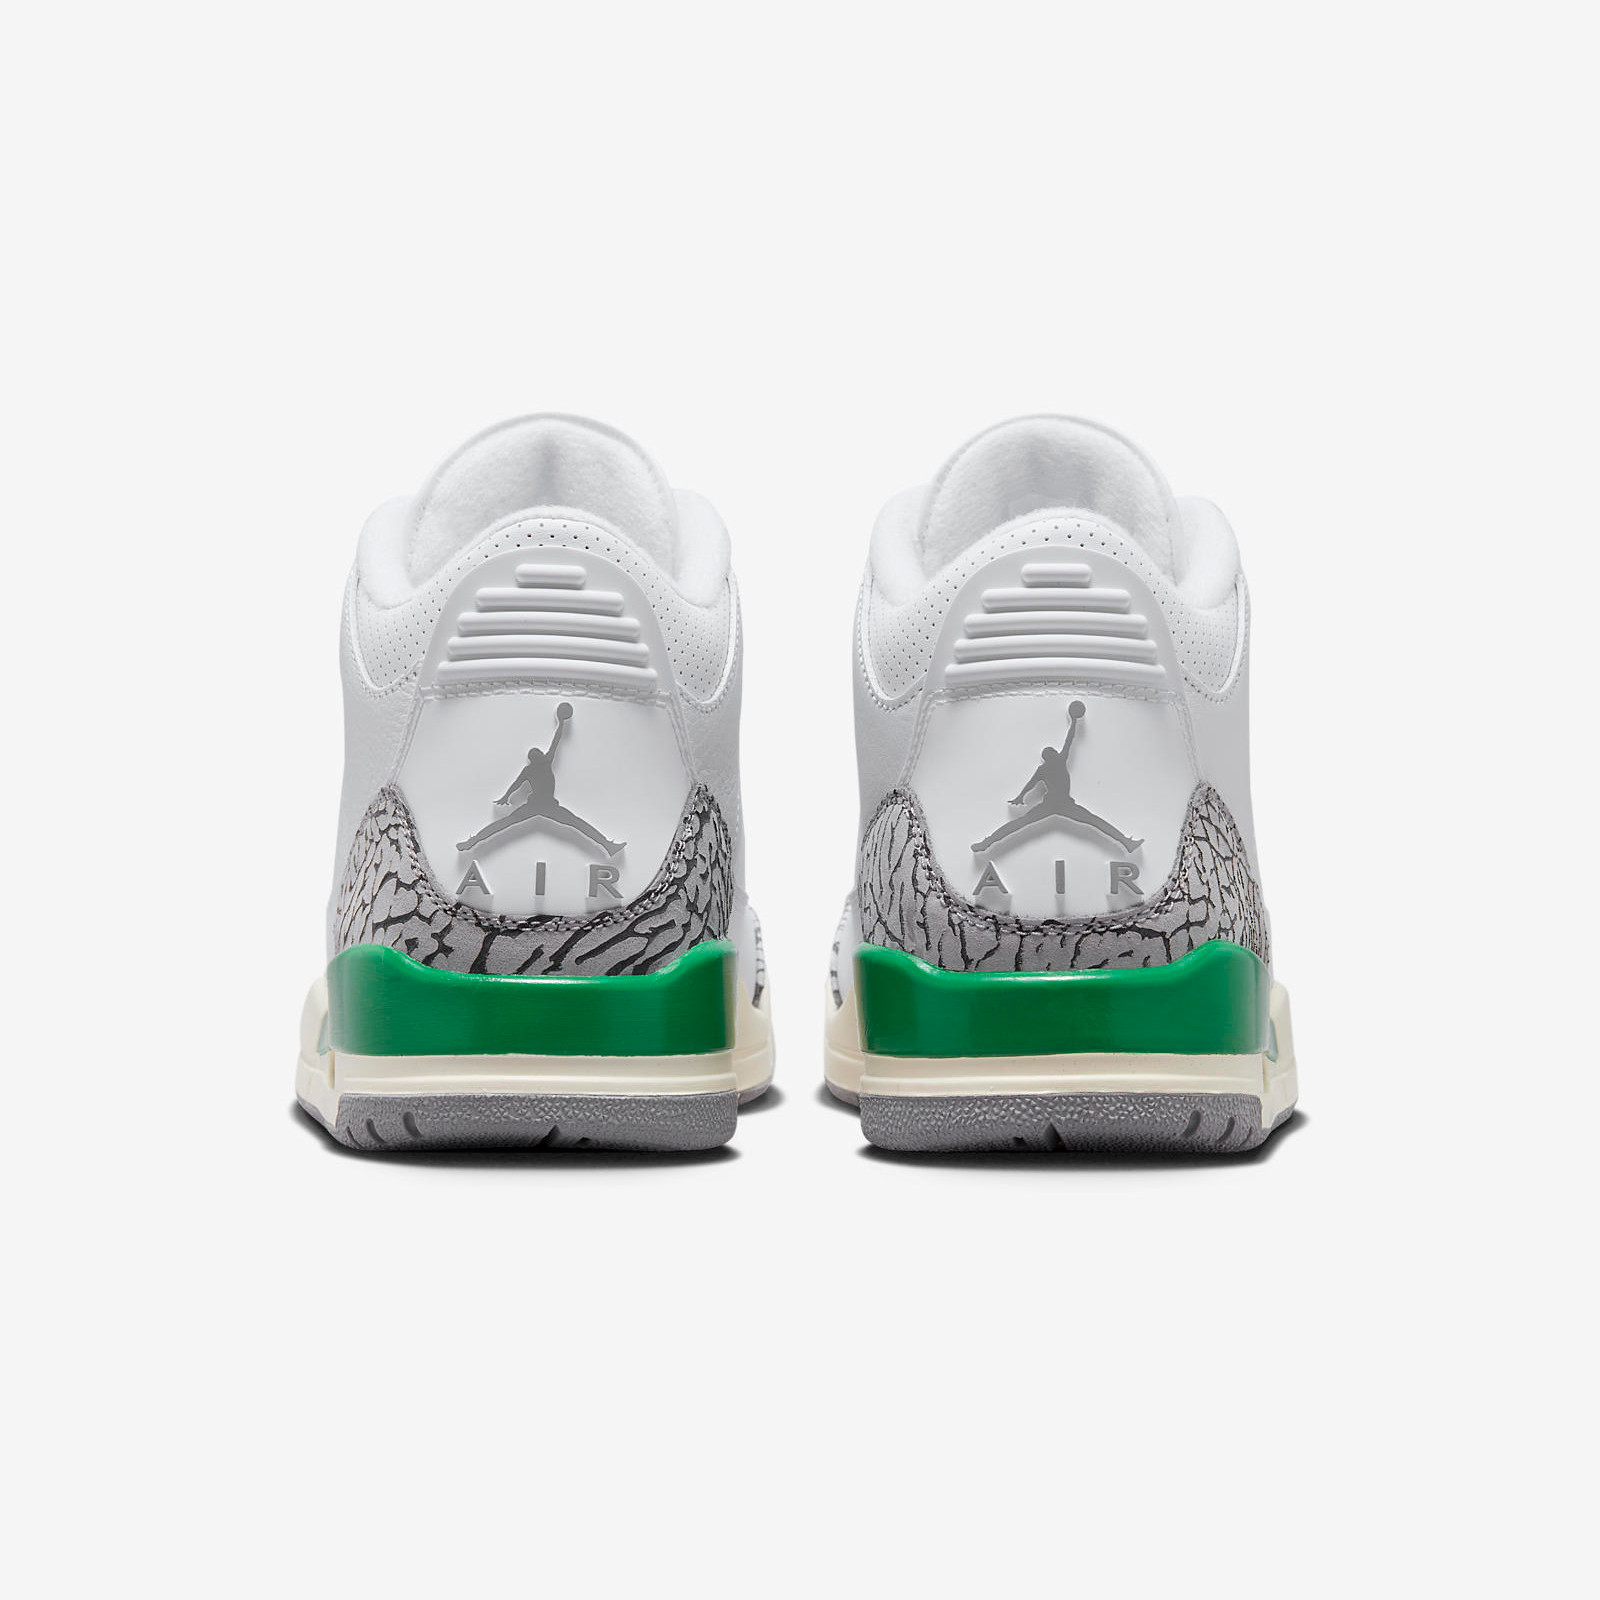 Air Jordan 3 Retro
« Lucky Green »
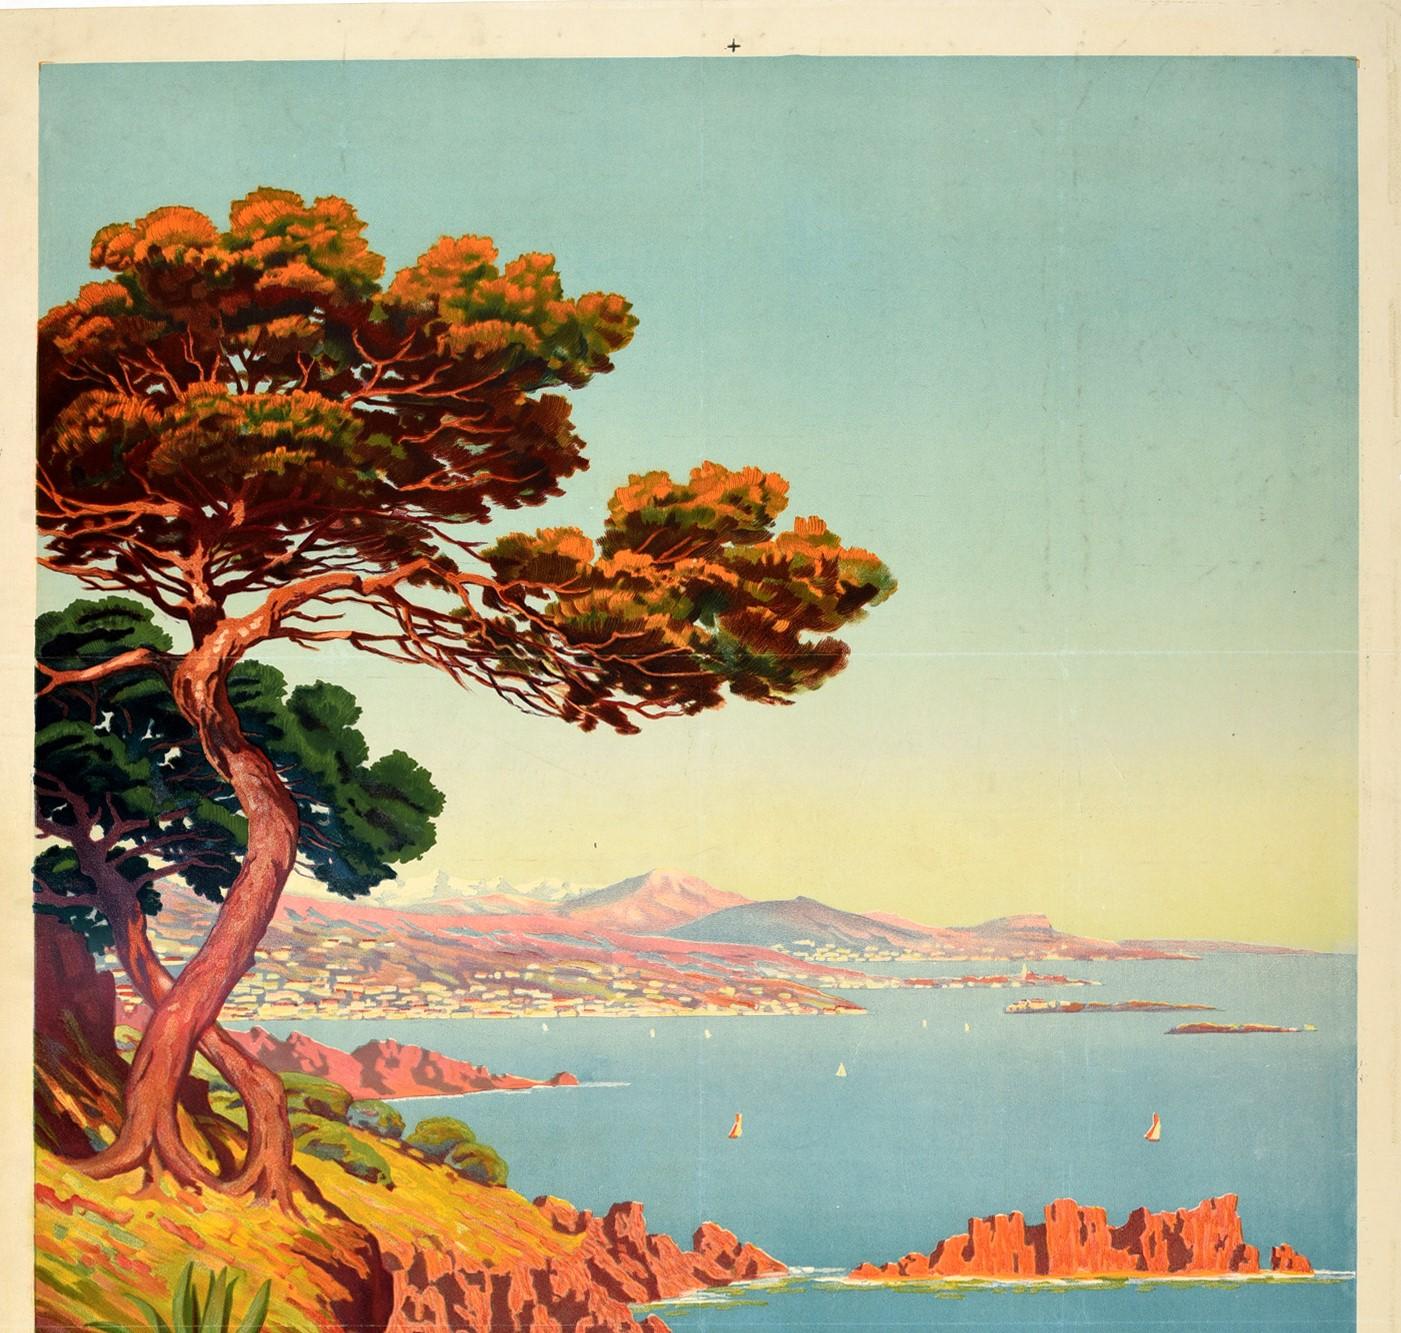 Affiche publicitaire d'époque pour La Côte d'Azur / The French Riviera présentant une vue panoramique de la côte par le peintre Charles Adelin Morel de Tanguy (1857-1930):: avec des fleurs et des arbres le long d'un sentier de colline rocheux au
=-=-=-=-=
### Assigned task
For your answer, write out the data exactly and drop every picture.

### The answer
 Air Jordan 3 Retro
« Lucky Green »
 Affiche publicitaire d'époque pour La Côte d'Azur / The French Riviera présentant une vue panoramique de la côte par le peintre Charles Adelin Morel de Tanguy (1857-1930):: avec des fleurs et des arbres le long d'un sentier de colline rocheux au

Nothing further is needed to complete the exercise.